[[ Source data, beginning ]]
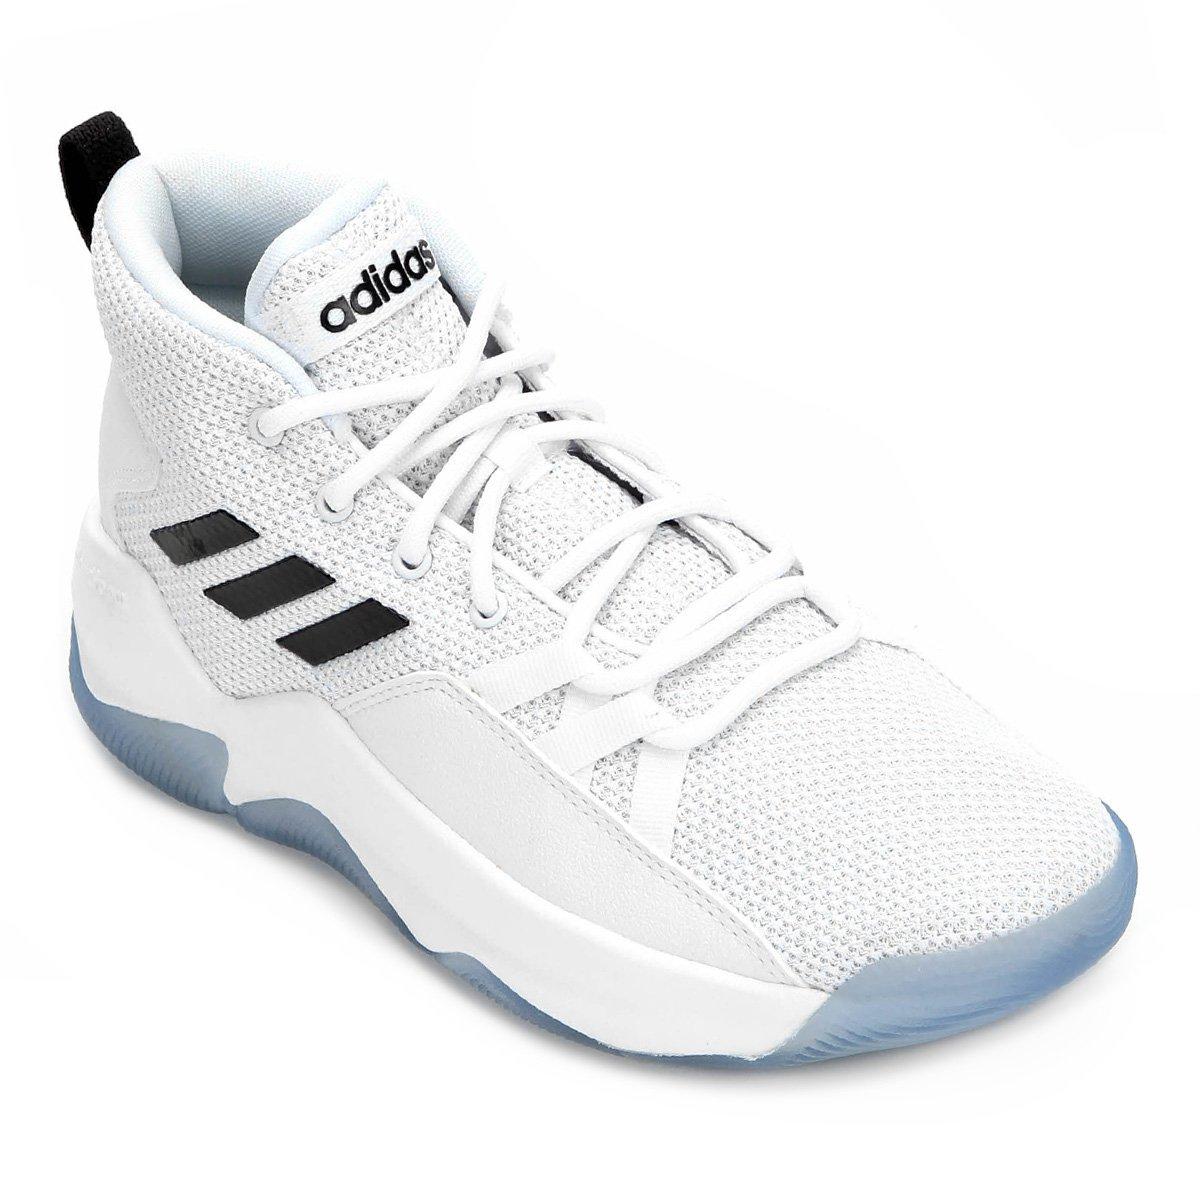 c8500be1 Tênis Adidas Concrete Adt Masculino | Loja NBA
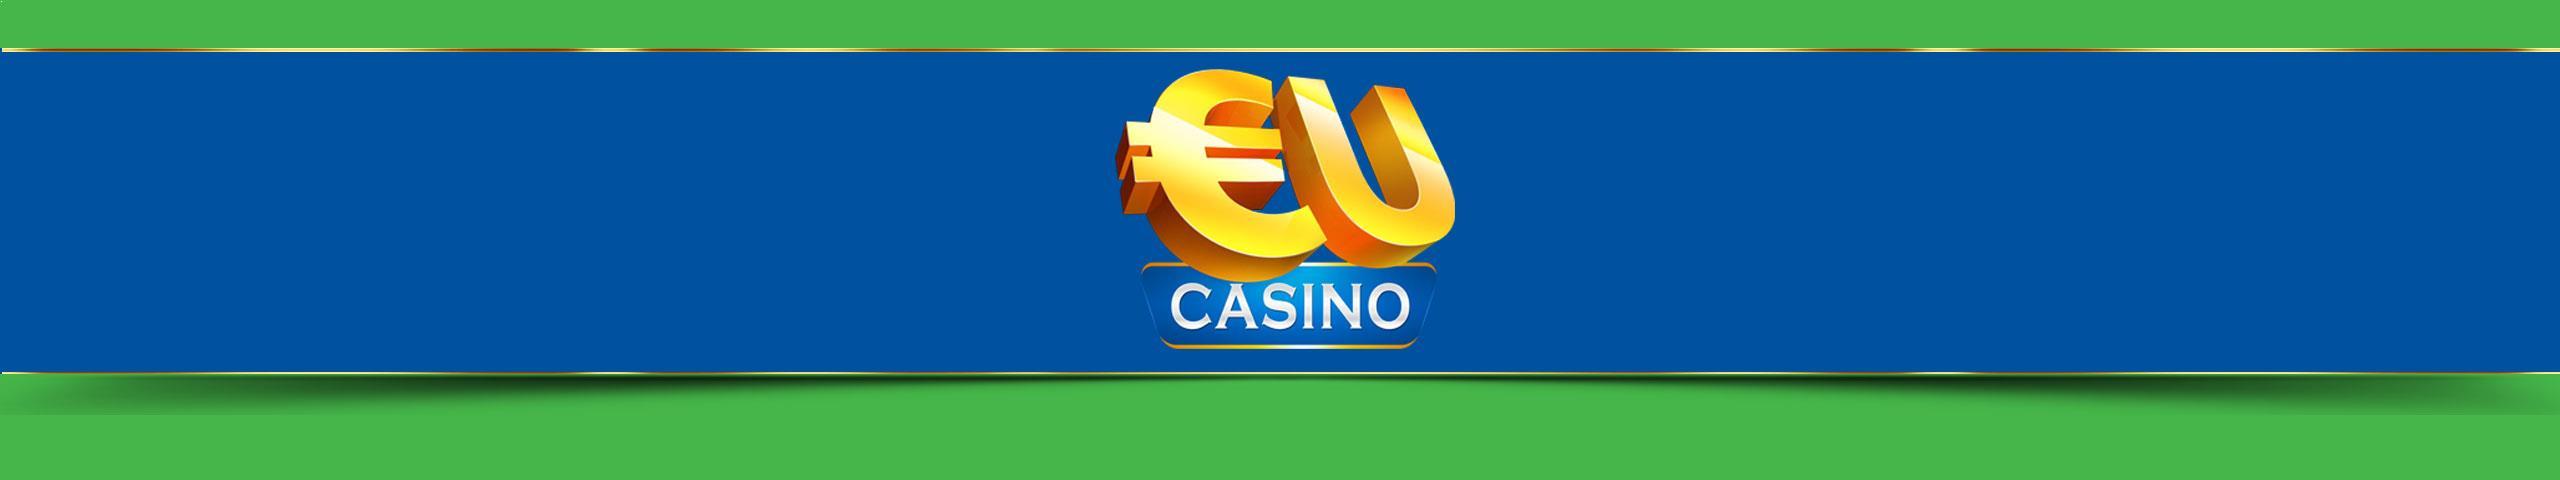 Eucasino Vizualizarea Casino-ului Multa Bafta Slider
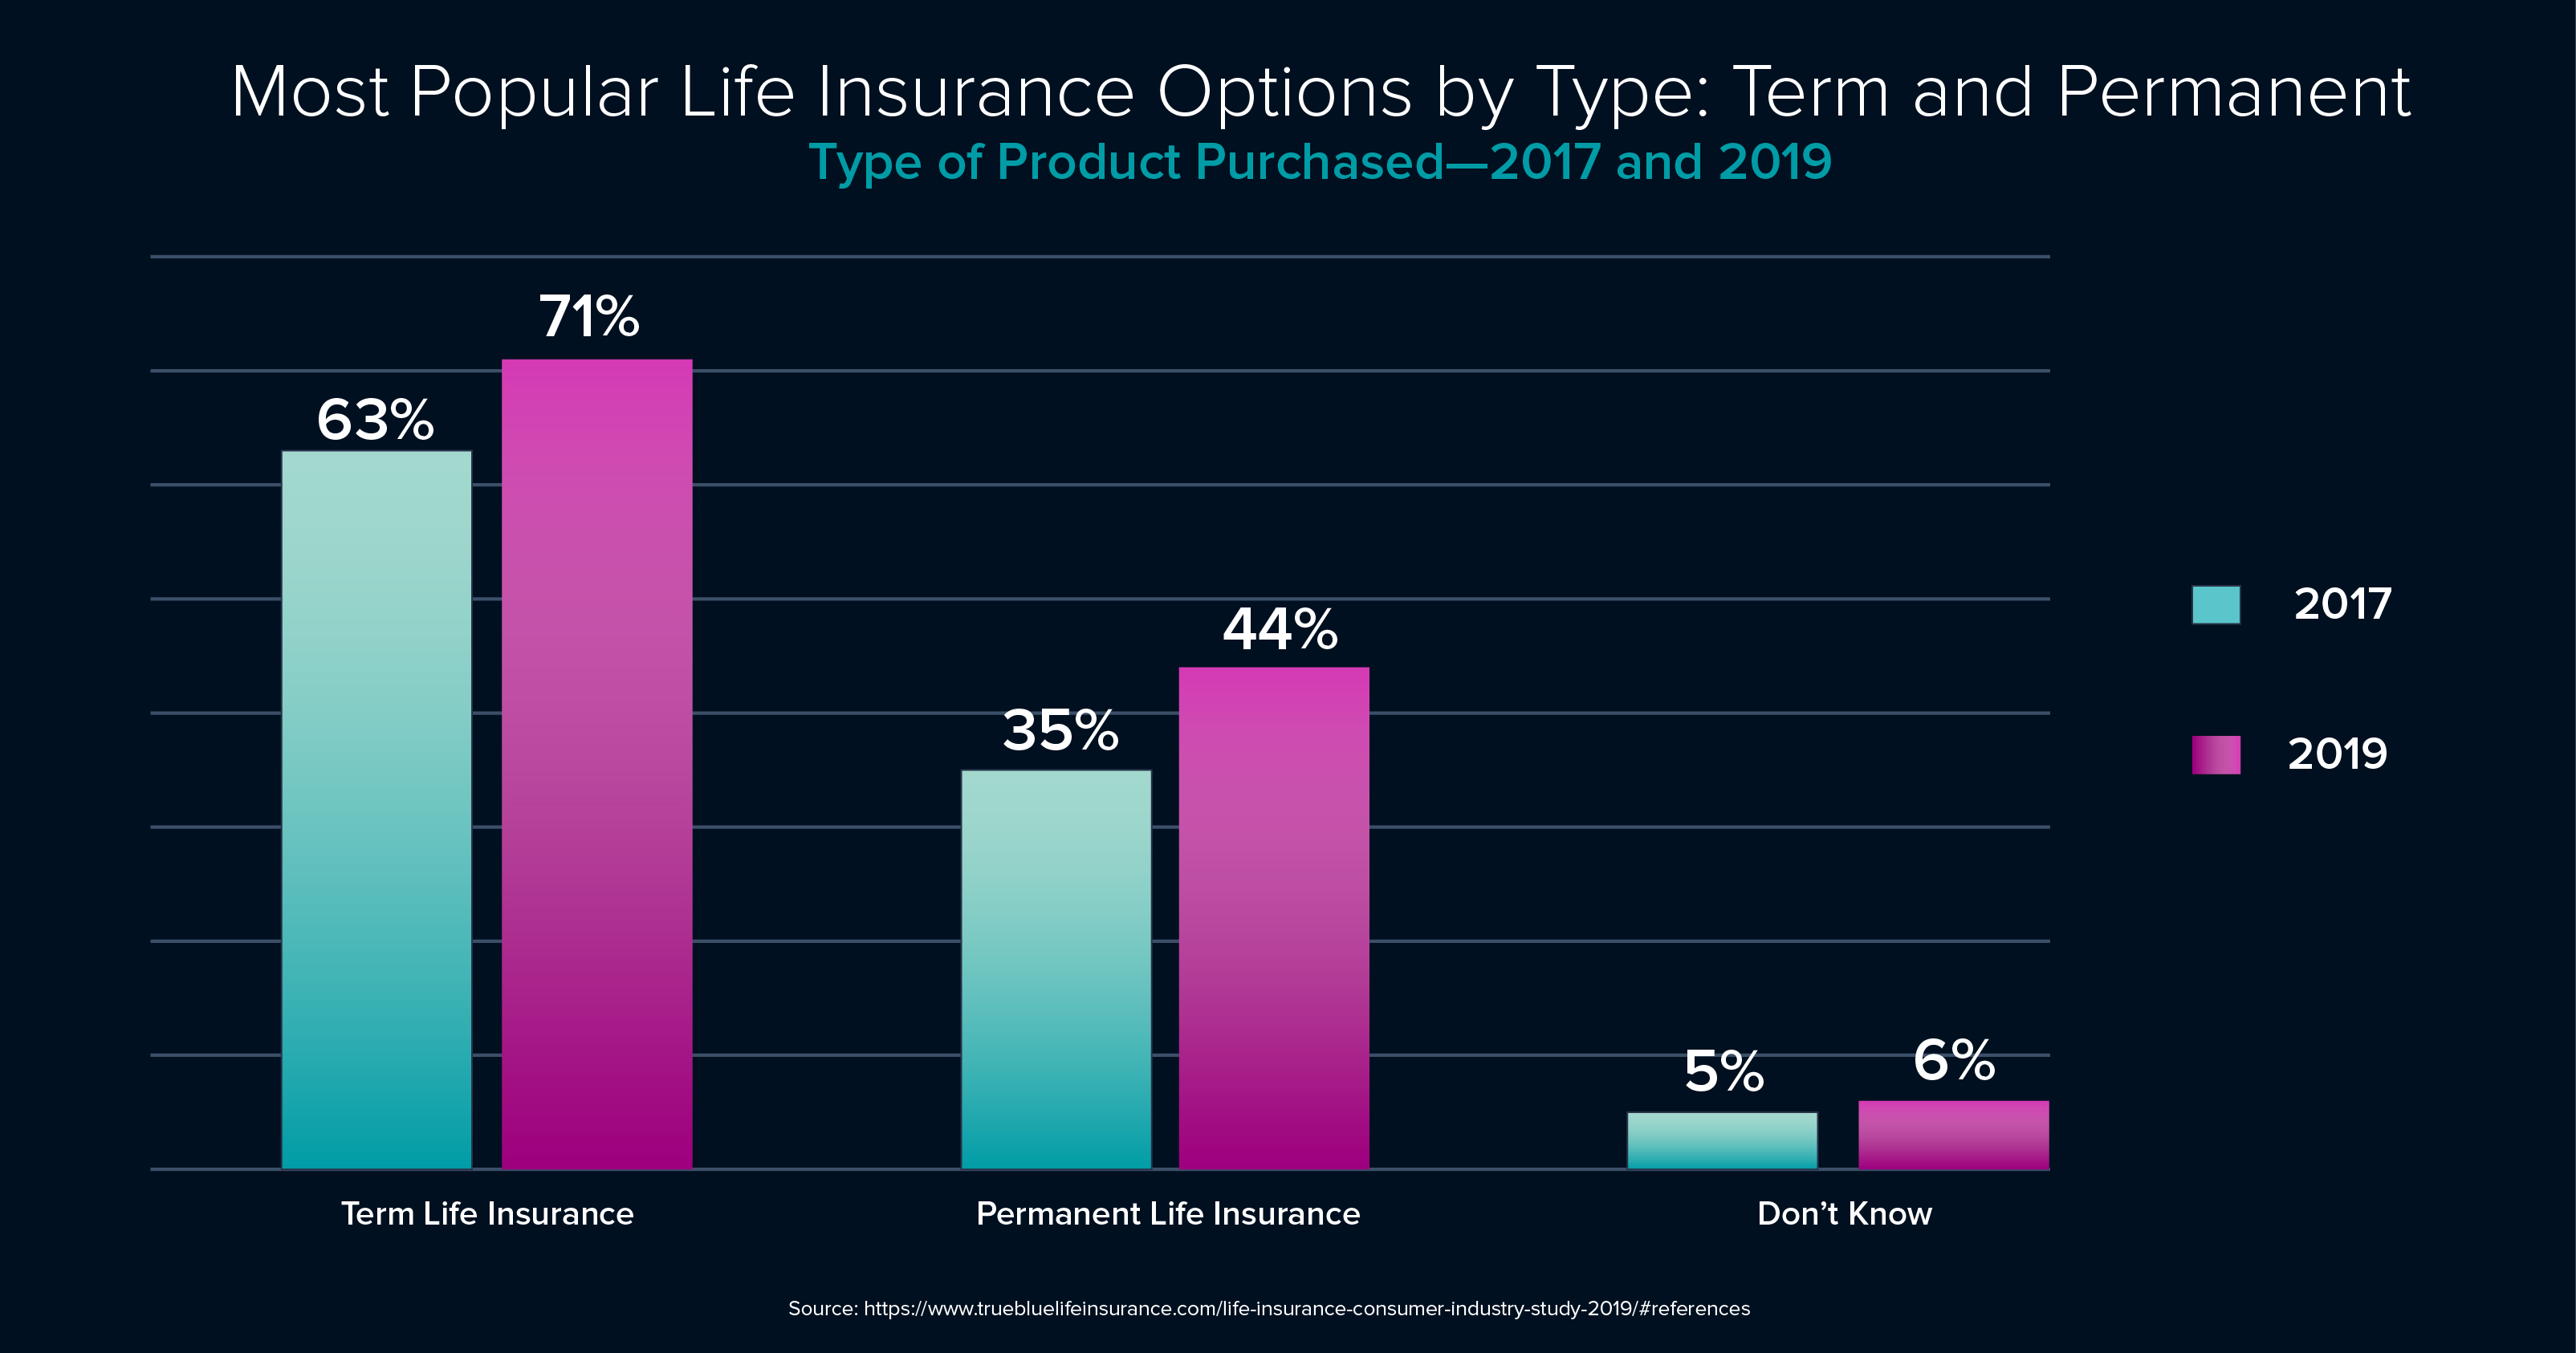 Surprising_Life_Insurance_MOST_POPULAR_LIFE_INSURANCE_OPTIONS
[[ Source data, end ]]
[Your task]
Your task is to retype, exactly and only, the lines from the line holding "Eucasino Vizualizarea Casino-ului" through the final line of the data above, with both ends kept. Drop the pictures.

[Result of this task]
 Eucasino Vizualizarea Casino-ului Multa Bafta Slider
 Surprising_Life_Insurance_MOST_POPULAR_LIFE_INSURANCE_OPTIONS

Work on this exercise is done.